Phelton and Johnnetta Payne were among the new regulars in 2020 after their son, outside linebacker Pheldarius, transferred in from junior college. The couple from Suffolk, Virginia, attended every game but had to scale back from their typical group size of 15-20 that would usually travel.
“Coming from juco, Pheldarius probably thought it was still a big crowd out there,” Phelton said with a laugh.
The Paynes’ experience with the Nebraska fan base came through social media, where they were flooded with well wishes when Phelton would post a picture from the airplane. Johnnetta is proud to already have a full 2021 pregame calendar thanks to invites from other Husker families. The parents of linebacker Jackson Hannah, for example, own a house in Lincoln’s North Bottoms neighborhood just north of Memorial Stadium that was a popular 2019 gathering spot for NU family.
“I was like, ‘Oh my God, these Nebraska people are super cool,’” Johnnetta Payne said. “I have never been to a tailgate before but, shoot, the way they talk, we’re all family.”
These select few who attended games during the pandemic already vow to appreciate game-day elements they took for granted whenever crowds can return. A packed Haymarket and downtown Lincoln. Bands and cheerleaders.
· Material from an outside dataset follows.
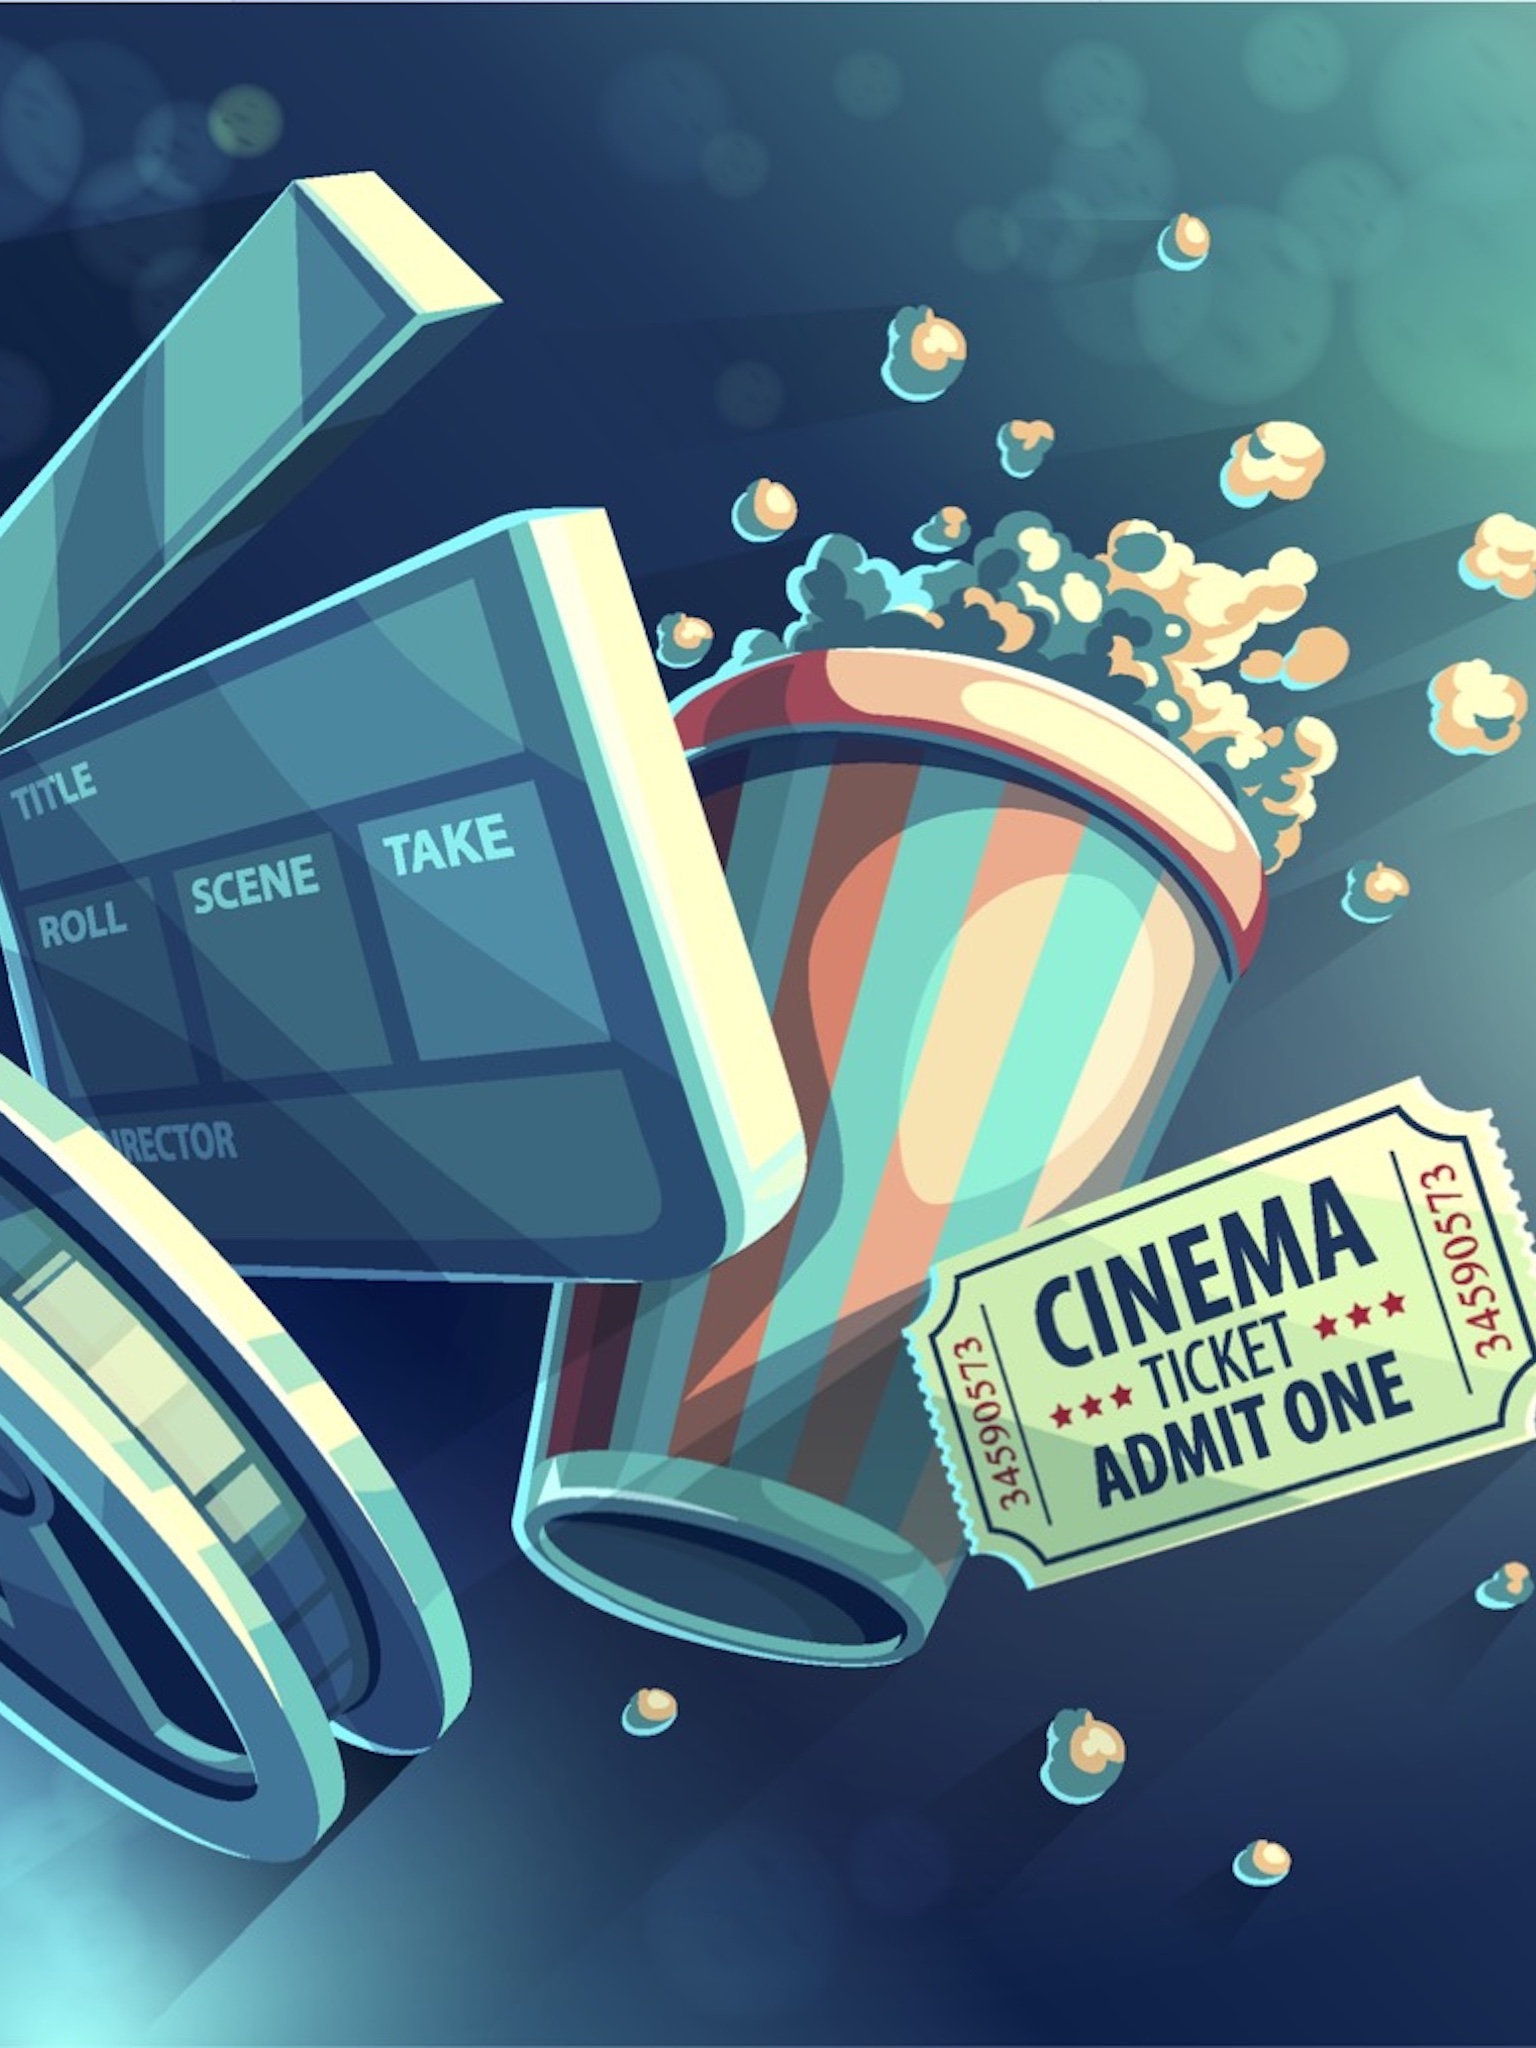 Product update: Theatrical Content Testing

Parking hassles and open restaurants on the road.
Mostly, they want their sons playing in front of packed stadiums again, making memories in ways that were harder to describe before they were taken away. But the parents agree – if the burgeoning friendships amongst themselves last into next season and beyond, then the legacy of 2020 will have a significant silver lining.
“It’ll obviously mean even more when we get back to normal,” Chris Nelson said.
Added Holli Nelson: “Even the people that scream at the Big Ten refs, I’m ready to hear it again.”